The company revealed a new business plan Friday, “Challenge 2025,” that involves four new EVs, including an electric pickup truck.
Mitsubishi unveils new electric strategy and spending plan
Despite being an early EV pioneer, launching its iMiEV electric kei car on World Environment Day in 2009, eventually making its way to the US as the Mitsubishi, the Japanese automaker currently has no purely electric vehicles in its North American or European lineup.
Mitsubishi currently offers the Outlander PHEV, but with new fully electric vehicles from nearly every other automaker hitting the market, Outlander sales fell 12% from 2021 to 1,961 last year.
As part of Mitsubishi’s new strategy, the automaker plans for 100% of its sales to be either pure electric or hybrid by 2035, compared to its previous guidance of 50% electrified sales by 2030.
Mitsubishi calls the next two years “a turning point to a major transition” as it looks toward contributing to a sustainable society with a beefed-up lineup of electrified vehicles.
To make the transition possible, Mitsubishi plans to ramp up R&D expenses over the next few years to reach 70% of its budget after 2026, up from 20% currently.
In addition, Mitsubishi will strengthen its recently developed strategic partnership to expand its lineup. The Japanese automaker recently formed an alliance with Nissan and Renault to jointly manufacture over 30 new electric vehicles across five common platforms by 2030.
Of the four new fully electric vehicles, one will be through the Nissan alliance and another through the Renault alliance. The other two will consist of an electric pickup truck and a two-row SUV EV.
Electrek’s Take
Mitsubishi’s new strategy sounds exciting with a new electric pickup, a two-row SUV, and two alliance-built EVs, but waiting until 2035 to transform its lineup might be costly.

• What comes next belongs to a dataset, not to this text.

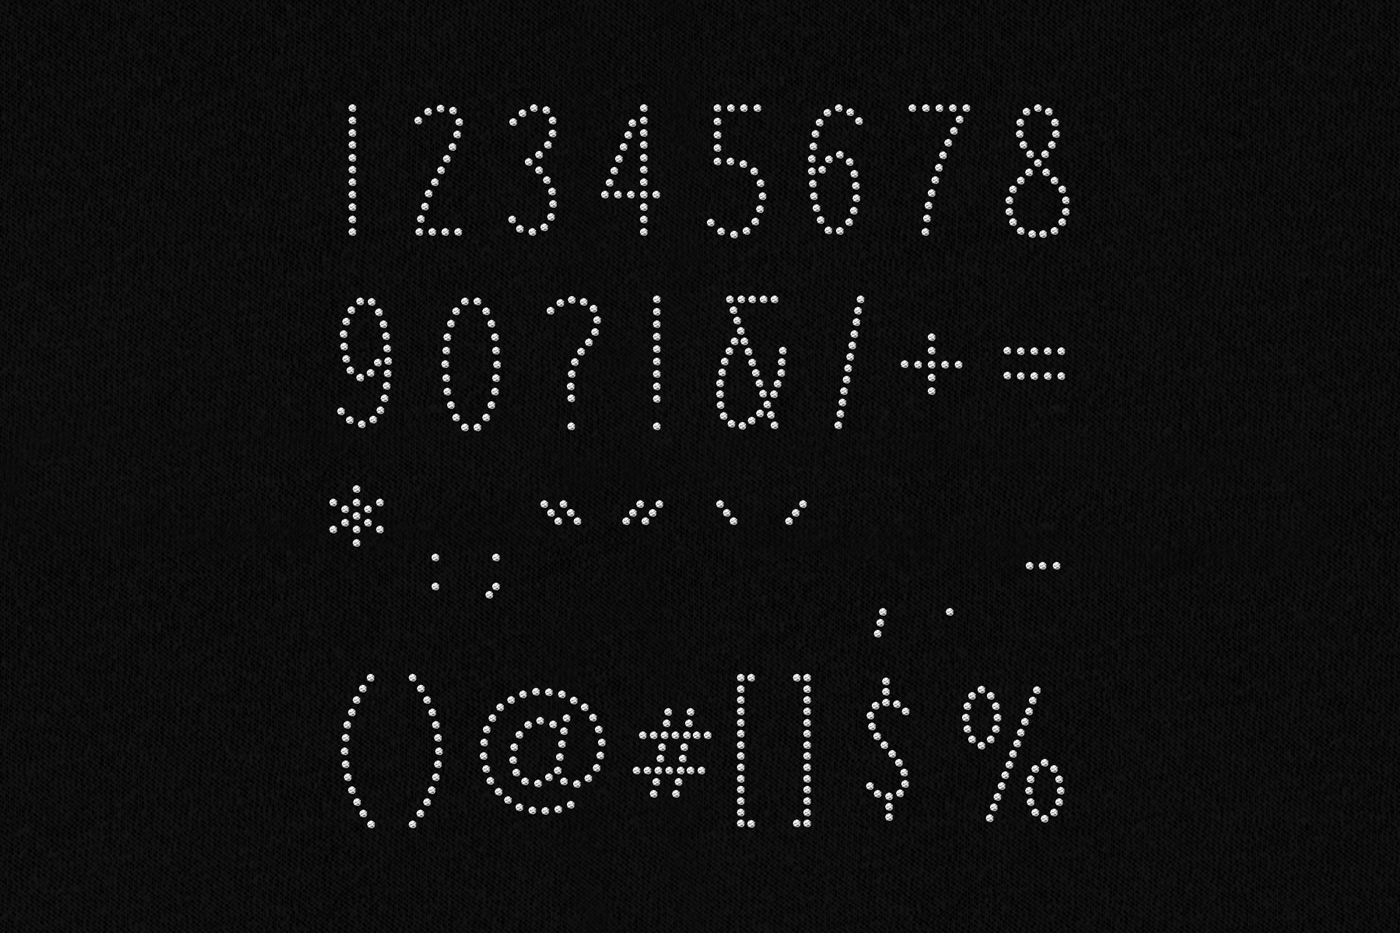 Numbers and punctuation made out of clear rhinestones on a black background in an art deco style.

The Japanese automaker is already falling behind in the fully electric market and is seeing PHEV sales decline. The new electric business strategy and investments are designed to stimulate the Mitsubishi brand and bring it into the modern day, but delaying any further will be wasting valuable time.
Many automakers are already achieving double-digit, even 100%, EV sales and are working on their second or third-generation EVs.
Mitsubishi is the latest Japanese automaker to announce its intentions to accelerate its EV efforts. Toyota appointed a new CEO who mentioned a new EV-first mindset, Nissan plans to release 19 new EVs by 2030, and Honda overhauled its business operations to ramp up EV deployment.